## TRY IT
The copy you return must begin at the line containing "ART ISSUE 2021 - IMPACTFUL MINDS" and end at the final line of the listing below, with every picture left out.

## THE DATA
============

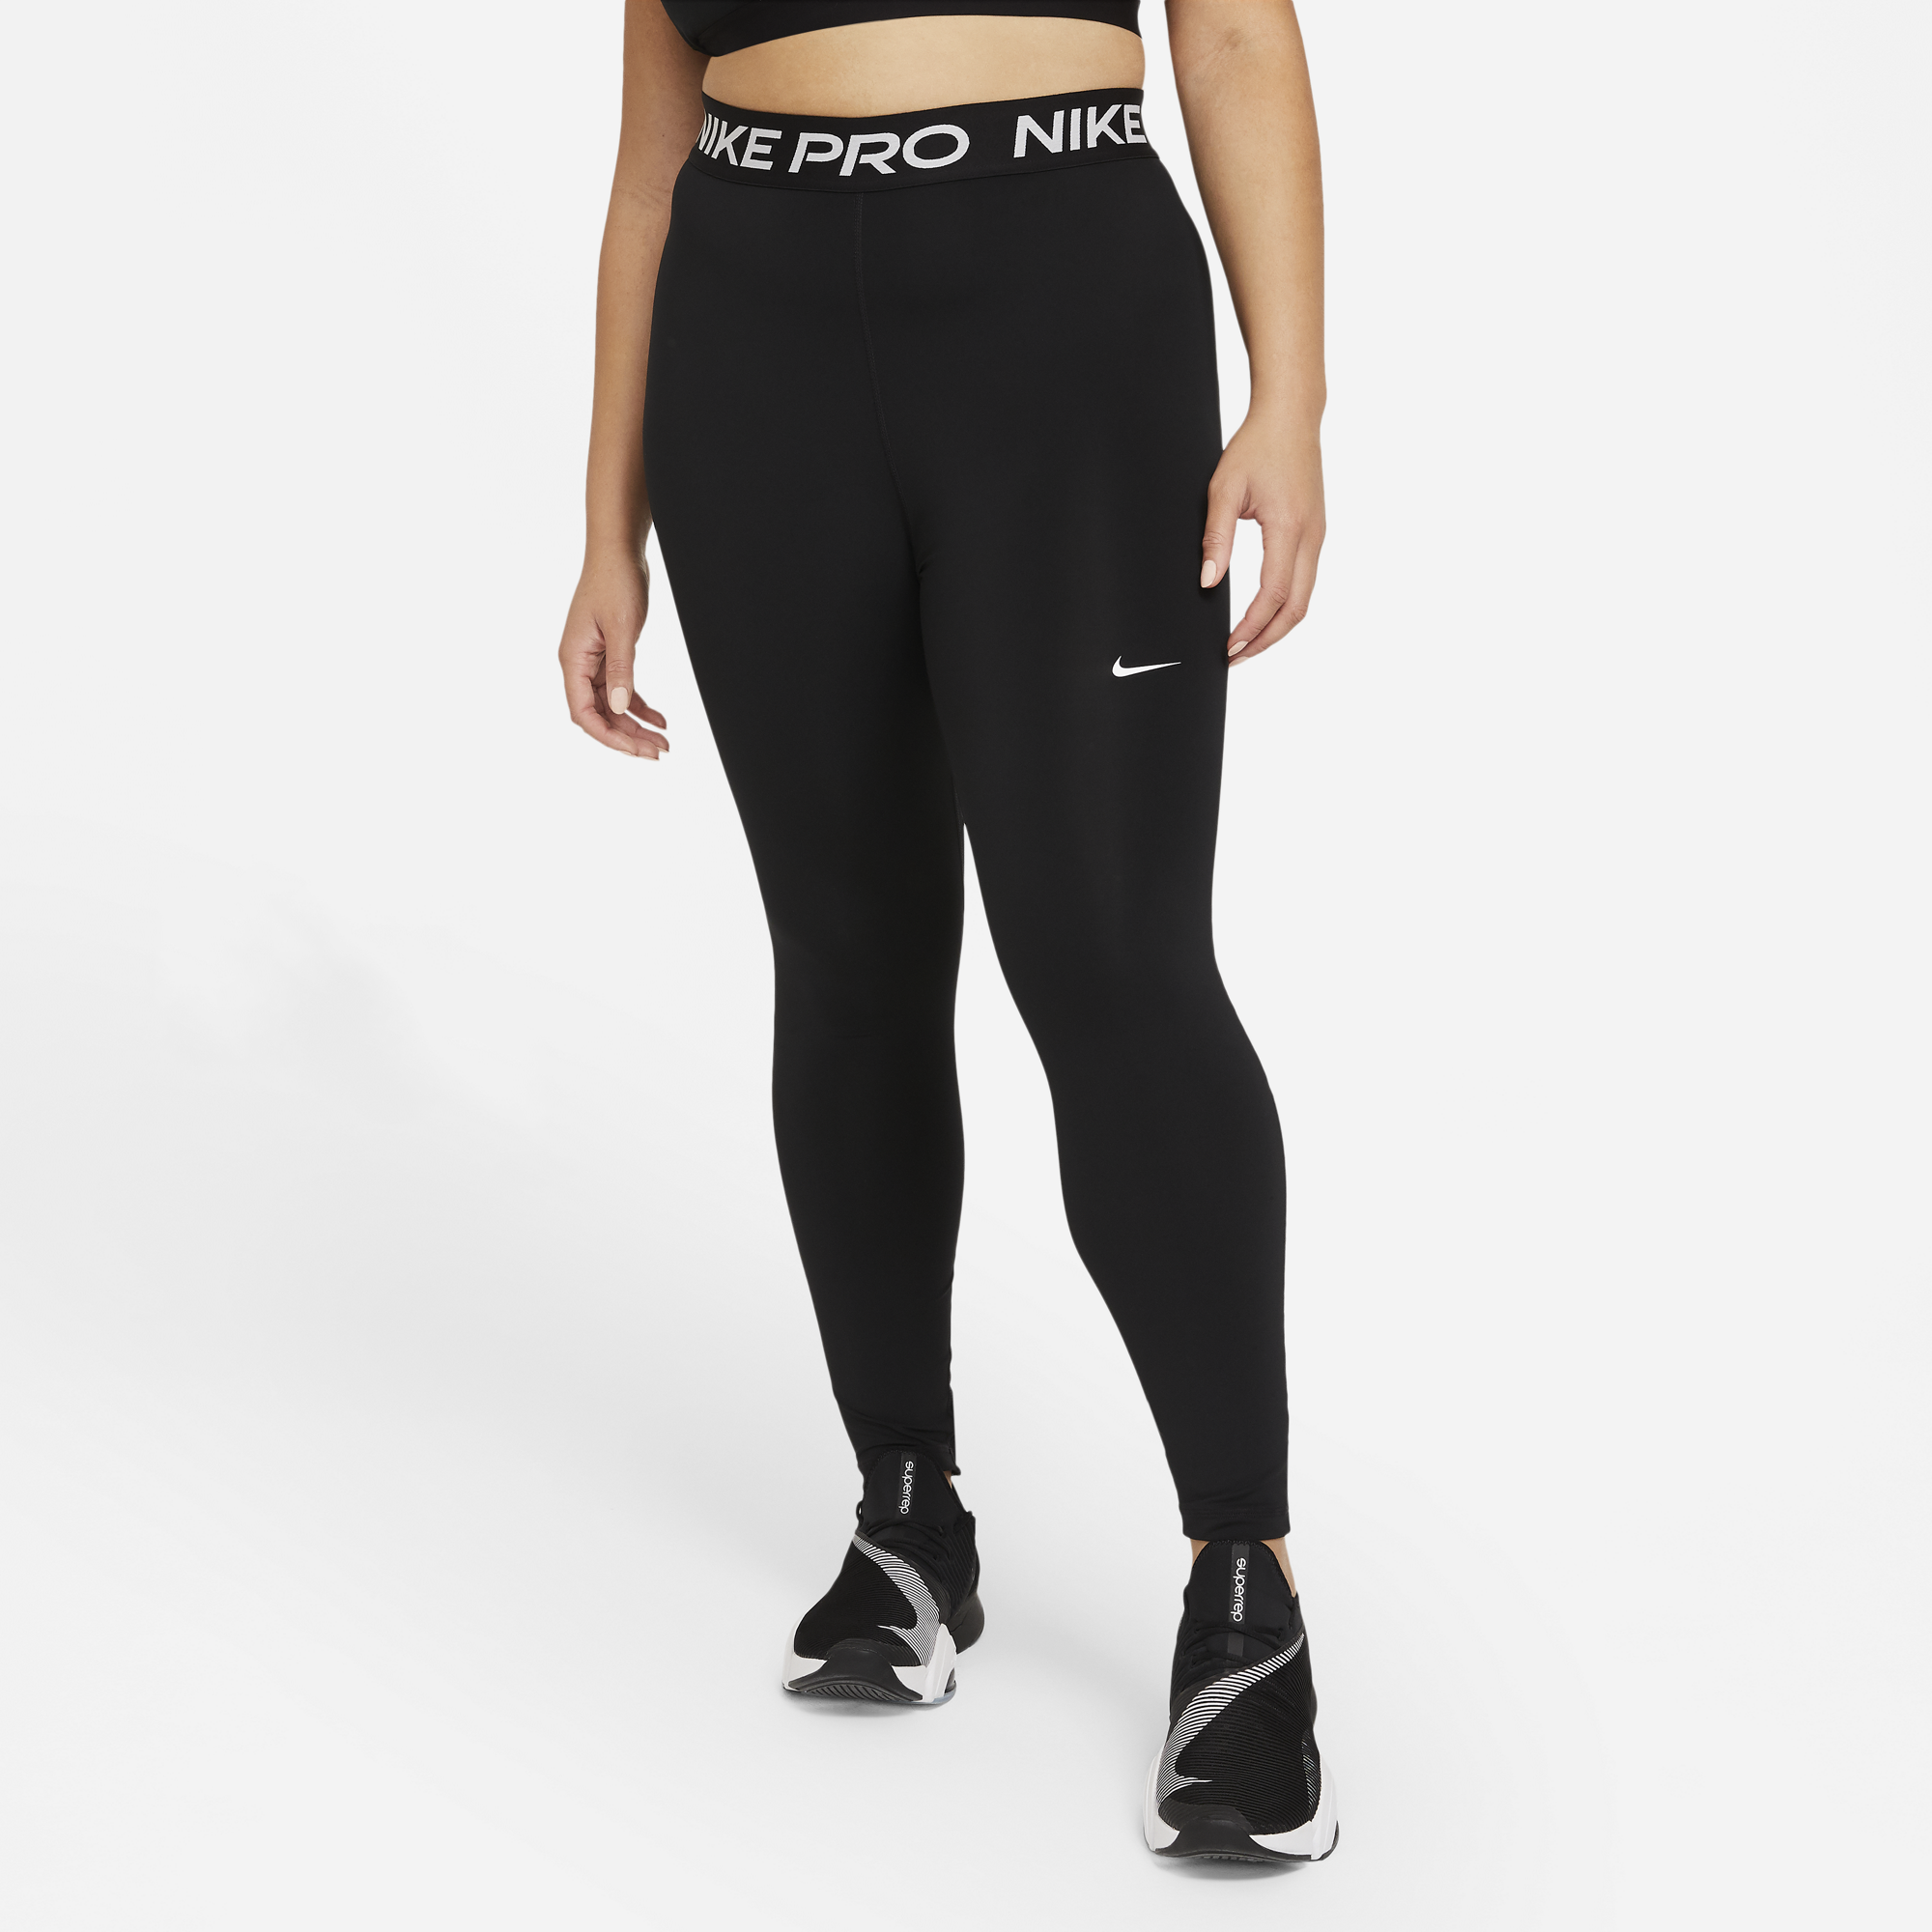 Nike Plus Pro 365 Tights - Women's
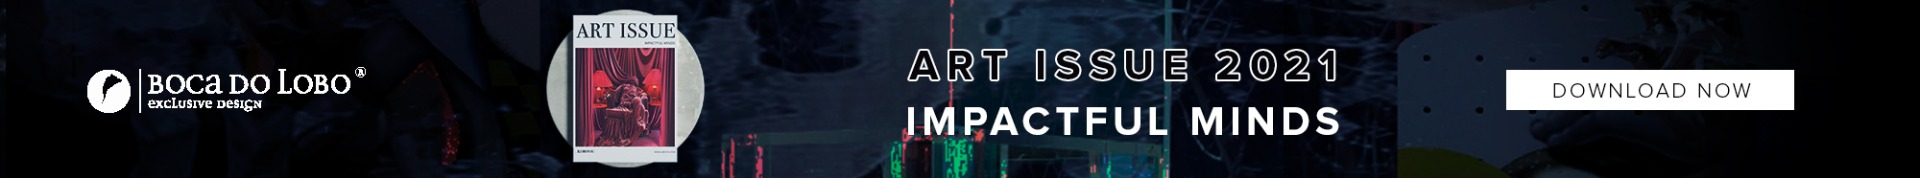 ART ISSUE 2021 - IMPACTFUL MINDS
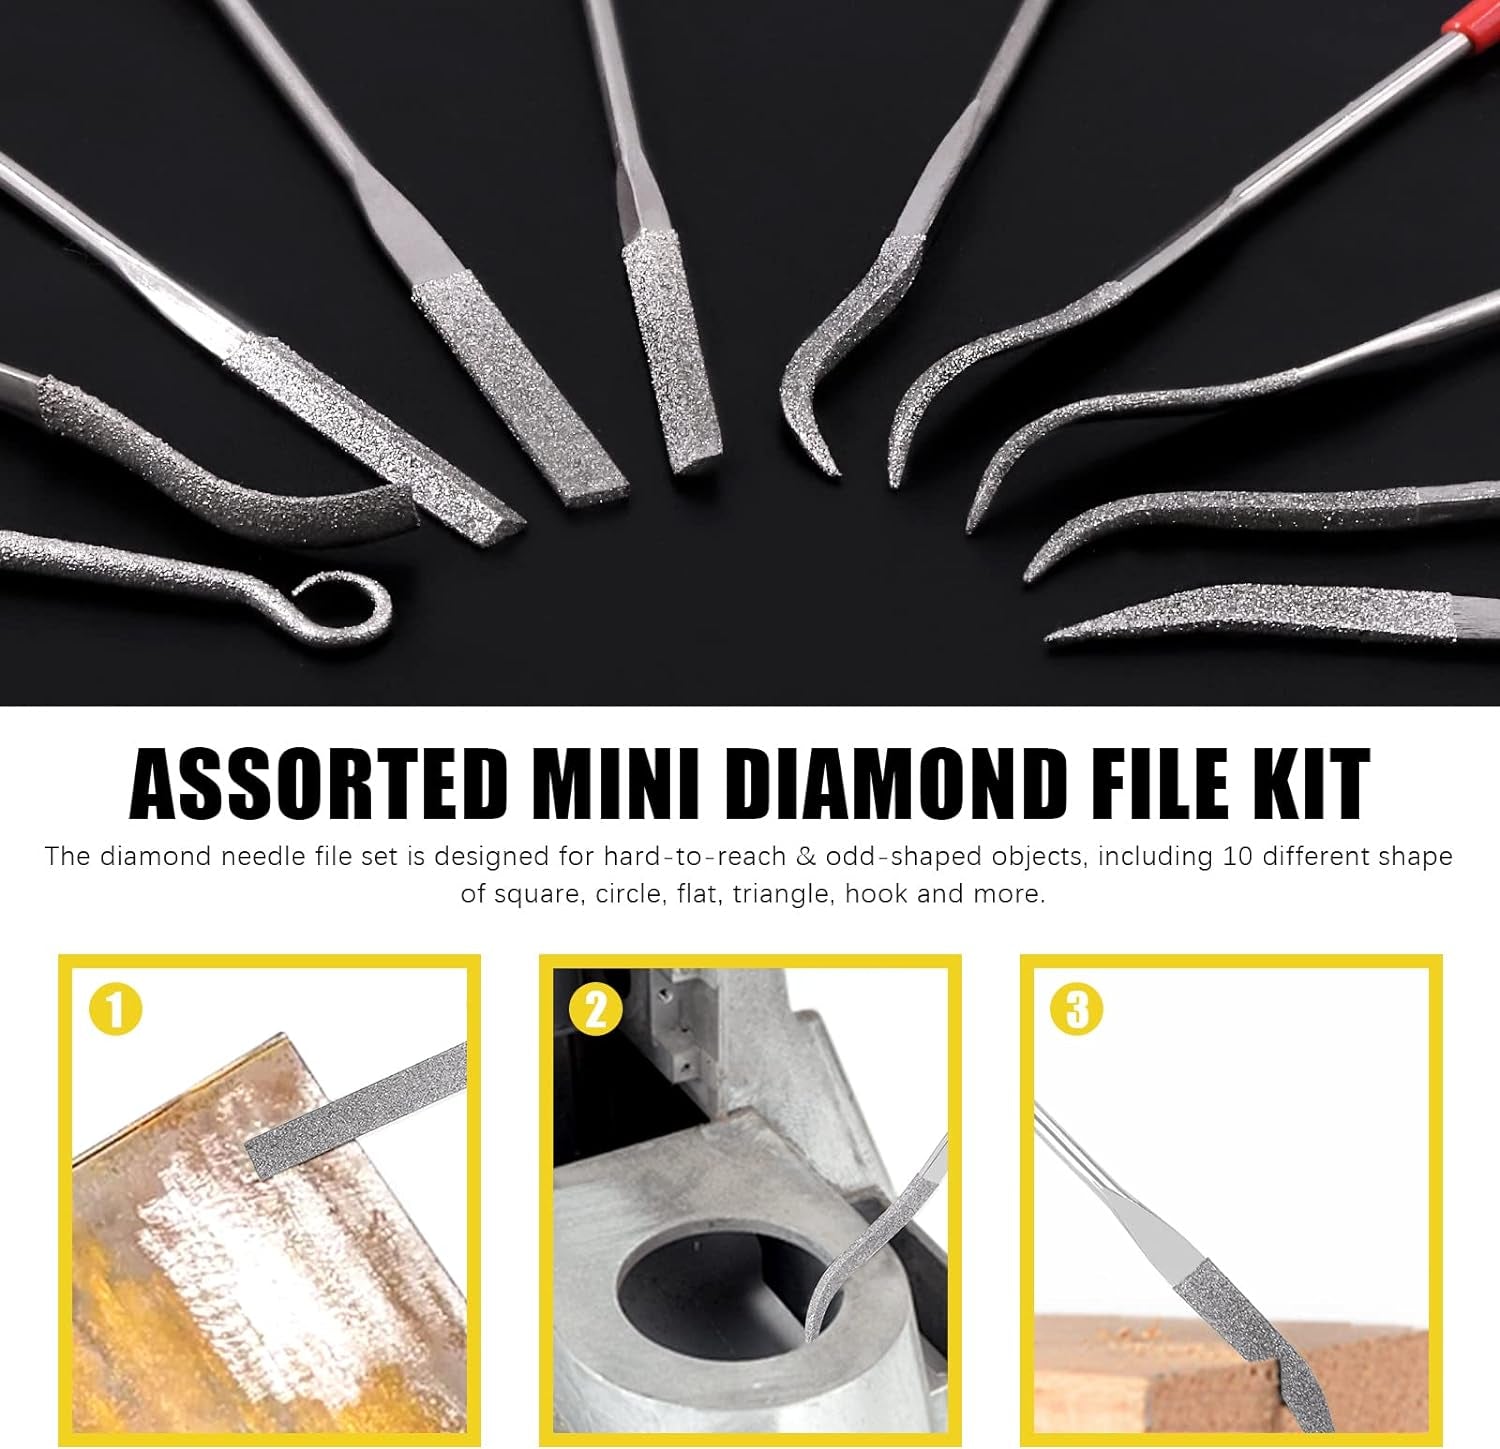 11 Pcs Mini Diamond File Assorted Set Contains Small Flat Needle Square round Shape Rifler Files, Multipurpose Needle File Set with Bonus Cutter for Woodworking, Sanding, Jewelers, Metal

============

## COMPLETED EXERCISE
 ART ISSUE 2021 - IMPACTFUL MINDS
 11 Pcs Mini Diamond File Assorted Set Contains Small Flat Needle Square round Shape Rifler Files, Multipurpose Needle File Set with Bonus Cutter for Woodworking, Sanding, Jewelers, Metal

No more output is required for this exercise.